TRAVEL
My Climb Up A Really Large Hill
Breaking the 6000m barrier while holding an ice axe for the first time.

The soft, delicate crackle of a pinch of burning leaves. The grey, clouded sky. A round ember, glowing. The snow landed softly across his stature as he exhaled hot smoke into thin air. The fluidity and confidence of a man on top of a mountain — because he was, on top of a mountain. We were sitting on the peak of Kang Yatse II, around 20,400 feet, and Jit was taking a smoke break.

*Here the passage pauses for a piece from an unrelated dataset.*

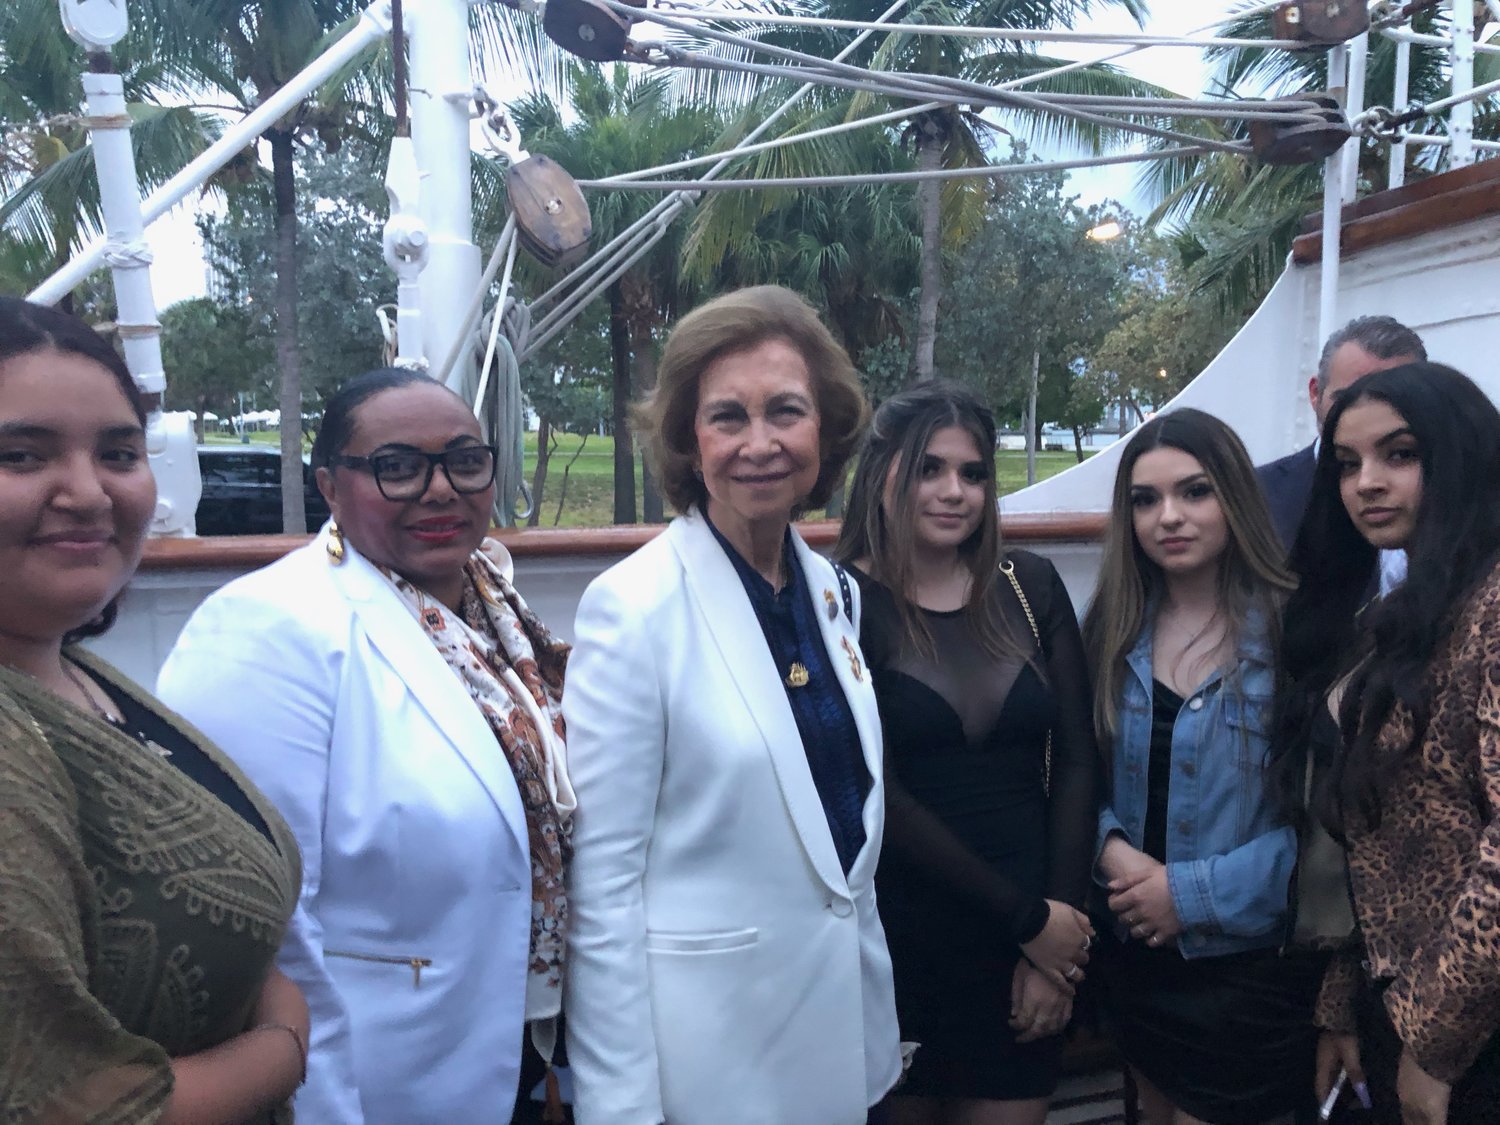 Principal Linda Johnson-Earsley and high school students from Everglades Preparatory Academy in Pahokee meet with Queen Sofia of Spain (center) in Miami.

The morning of the trek I had woken up with a thought: “fuck it.” It, meaning, money. I didn’t want to remember walking past a mountain I could have climbed. I wanted to come back with a strange and triumphant memory of having done something. So on the way down to the road where I planned to hitchhike to the start, I wandered into a motorbike rental shop and asked if they could arrange the guide and gear necessary to add on a peak climb to my Markha Valley trek.
The thick Hawaiian-looking man laughed uproariously in my face many times, reminding me how stupid and careless I am: I know nothing, I am not prepared, I am careless. I thought, yeah, that’s why you have a job, buddy. He urged me to go in a few days so he could organize it. I said nah, I am leaving today, can you swing it? So he made calls, threw some dusty gear together, and punched the mysterious numbers in a crappy calculator showing me a total of about $450. I said whatever. I’ll pay it. Just a few months ago in Cambodia, I passed on an air-conditioned room and suffered through a sweat-soaked night in the name of saving one dollar. I figured all the penny-pinching in the last six months justified throwing this kind of money.
I was dropped off on the side of a dusty road and started towards the first mountain pass. Over the next five days, I clambered up and down valleys of rocks blue, red, and grey. I waded through rushing streams of snowmelt and passed by ancient monasteries carved into rock. Barely anyone else out there but a few locals in stone huts. Desolate. Bones of mountain sheep blended into the lifeless dust. Uninterrupted by internet signals. Constant attention on this right now: the boring, the spectacular, the painful. In and out of experience like air in my nose.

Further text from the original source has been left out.